Aim of the task — Find and return every line of the data that contains the word "para".

Records drawn from a dataset
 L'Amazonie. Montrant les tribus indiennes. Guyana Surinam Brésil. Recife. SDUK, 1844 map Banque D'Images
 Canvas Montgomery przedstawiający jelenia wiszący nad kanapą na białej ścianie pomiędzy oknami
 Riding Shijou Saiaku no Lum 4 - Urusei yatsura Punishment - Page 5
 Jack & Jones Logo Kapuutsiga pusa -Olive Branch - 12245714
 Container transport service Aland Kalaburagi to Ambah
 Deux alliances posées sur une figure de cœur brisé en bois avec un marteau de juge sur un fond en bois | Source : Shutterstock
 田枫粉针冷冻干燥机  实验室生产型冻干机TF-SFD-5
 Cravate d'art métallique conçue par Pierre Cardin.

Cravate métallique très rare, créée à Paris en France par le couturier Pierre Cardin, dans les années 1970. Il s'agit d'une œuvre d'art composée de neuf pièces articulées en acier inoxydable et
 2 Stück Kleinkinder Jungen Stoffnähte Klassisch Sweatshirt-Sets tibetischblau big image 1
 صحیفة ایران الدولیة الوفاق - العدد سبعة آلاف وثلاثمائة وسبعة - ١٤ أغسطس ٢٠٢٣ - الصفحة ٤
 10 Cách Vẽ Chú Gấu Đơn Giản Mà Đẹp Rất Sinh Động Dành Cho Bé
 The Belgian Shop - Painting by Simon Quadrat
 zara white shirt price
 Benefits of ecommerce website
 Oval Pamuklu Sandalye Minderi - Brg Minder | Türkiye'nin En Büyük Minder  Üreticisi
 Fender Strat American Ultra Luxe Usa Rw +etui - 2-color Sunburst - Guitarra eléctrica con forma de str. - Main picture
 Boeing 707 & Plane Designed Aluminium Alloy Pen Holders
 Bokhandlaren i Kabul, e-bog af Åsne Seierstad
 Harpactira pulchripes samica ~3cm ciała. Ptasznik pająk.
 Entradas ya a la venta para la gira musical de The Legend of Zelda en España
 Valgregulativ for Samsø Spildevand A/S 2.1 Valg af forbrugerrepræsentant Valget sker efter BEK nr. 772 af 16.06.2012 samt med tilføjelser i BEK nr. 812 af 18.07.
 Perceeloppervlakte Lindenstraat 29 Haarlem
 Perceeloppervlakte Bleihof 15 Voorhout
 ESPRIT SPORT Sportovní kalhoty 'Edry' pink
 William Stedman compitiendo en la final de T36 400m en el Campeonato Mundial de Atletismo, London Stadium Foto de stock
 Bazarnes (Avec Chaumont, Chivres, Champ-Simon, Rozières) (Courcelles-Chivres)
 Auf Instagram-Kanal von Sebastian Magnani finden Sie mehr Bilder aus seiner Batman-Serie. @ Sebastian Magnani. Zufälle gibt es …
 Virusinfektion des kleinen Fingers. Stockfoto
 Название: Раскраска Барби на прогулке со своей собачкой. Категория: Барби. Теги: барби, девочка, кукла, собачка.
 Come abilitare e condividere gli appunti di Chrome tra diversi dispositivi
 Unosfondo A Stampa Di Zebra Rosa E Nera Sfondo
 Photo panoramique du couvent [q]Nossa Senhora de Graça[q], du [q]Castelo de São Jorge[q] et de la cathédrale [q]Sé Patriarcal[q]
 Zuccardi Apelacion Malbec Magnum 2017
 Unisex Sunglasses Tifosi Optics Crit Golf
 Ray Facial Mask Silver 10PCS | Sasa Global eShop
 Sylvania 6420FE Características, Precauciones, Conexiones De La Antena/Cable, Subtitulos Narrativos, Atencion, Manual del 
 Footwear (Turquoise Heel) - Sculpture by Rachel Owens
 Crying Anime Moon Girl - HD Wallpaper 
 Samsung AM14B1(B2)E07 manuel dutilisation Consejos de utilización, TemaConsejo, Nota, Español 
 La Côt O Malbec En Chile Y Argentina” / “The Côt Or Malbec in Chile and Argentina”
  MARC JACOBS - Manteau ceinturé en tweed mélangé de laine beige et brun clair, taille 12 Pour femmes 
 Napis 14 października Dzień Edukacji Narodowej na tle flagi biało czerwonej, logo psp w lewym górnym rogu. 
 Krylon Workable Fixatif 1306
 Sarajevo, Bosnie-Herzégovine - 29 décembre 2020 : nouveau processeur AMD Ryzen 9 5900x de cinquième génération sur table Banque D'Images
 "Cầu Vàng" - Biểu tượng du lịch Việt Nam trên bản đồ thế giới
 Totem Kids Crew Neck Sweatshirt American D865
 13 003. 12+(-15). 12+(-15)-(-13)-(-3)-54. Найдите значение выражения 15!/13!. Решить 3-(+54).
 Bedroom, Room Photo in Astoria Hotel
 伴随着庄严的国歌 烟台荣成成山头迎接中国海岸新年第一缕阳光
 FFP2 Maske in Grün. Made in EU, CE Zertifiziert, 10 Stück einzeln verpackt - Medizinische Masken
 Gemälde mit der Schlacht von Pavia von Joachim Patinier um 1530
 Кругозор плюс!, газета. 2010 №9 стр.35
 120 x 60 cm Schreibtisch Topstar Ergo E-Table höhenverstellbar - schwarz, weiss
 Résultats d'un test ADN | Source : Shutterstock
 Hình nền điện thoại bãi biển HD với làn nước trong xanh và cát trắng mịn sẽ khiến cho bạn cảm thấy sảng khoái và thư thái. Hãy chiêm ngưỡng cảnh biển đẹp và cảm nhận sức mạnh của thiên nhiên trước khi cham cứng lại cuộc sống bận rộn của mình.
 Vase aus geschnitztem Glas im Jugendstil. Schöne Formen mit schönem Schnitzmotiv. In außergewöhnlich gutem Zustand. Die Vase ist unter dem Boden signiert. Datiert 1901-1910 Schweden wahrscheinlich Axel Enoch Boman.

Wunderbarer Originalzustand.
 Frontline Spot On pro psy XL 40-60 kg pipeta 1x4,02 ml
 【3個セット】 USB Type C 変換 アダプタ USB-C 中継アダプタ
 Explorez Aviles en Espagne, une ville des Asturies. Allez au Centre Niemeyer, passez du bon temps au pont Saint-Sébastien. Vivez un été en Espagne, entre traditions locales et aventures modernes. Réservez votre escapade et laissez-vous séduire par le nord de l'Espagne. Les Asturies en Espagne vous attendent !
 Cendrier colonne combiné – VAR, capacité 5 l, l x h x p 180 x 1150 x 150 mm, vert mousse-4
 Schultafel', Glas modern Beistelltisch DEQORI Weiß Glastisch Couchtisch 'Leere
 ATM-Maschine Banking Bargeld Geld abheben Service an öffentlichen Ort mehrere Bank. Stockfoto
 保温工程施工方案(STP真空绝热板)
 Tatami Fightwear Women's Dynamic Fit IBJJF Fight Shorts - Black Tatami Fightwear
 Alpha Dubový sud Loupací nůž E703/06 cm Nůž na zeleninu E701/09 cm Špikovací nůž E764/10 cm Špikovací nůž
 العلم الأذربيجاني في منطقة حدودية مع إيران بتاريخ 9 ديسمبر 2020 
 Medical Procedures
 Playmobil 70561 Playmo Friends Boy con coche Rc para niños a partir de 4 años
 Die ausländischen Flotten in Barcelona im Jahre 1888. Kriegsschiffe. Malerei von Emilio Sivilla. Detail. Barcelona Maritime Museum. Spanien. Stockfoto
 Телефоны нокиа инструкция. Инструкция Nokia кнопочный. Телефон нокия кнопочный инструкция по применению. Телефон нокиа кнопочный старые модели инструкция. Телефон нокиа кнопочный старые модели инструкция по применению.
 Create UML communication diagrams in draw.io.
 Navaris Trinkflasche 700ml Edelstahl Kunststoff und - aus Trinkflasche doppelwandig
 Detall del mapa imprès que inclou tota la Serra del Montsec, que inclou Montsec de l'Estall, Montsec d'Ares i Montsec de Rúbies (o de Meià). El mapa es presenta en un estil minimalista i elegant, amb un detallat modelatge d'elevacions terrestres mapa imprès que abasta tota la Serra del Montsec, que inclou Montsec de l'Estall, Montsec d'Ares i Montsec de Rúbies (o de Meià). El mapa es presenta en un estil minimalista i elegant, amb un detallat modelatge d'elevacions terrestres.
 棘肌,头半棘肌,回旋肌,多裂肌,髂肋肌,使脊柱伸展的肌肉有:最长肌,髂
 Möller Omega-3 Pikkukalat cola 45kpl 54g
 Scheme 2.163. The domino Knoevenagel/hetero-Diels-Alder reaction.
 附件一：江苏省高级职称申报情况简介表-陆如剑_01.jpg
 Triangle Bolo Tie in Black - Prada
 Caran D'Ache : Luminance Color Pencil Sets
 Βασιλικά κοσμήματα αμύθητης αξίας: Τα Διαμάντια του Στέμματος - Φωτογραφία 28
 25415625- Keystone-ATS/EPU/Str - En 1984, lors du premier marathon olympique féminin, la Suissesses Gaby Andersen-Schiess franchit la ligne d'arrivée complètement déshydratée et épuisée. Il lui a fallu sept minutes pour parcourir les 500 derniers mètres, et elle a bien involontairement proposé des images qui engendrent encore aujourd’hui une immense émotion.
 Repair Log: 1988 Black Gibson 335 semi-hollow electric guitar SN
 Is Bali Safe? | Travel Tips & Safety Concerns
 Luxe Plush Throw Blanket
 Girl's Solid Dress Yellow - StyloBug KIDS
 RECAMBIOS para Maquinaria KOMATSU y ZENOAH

Result for this exercise —
 Entradas ya a la venta para la gira musical de The Legend of Zelda en España
 Playmobil 70561 Playmo Friends Boy con coche Rc para niños a partir de 4 años
 RECAMBIOS para Maquinaria KOMATSU y ZENOAH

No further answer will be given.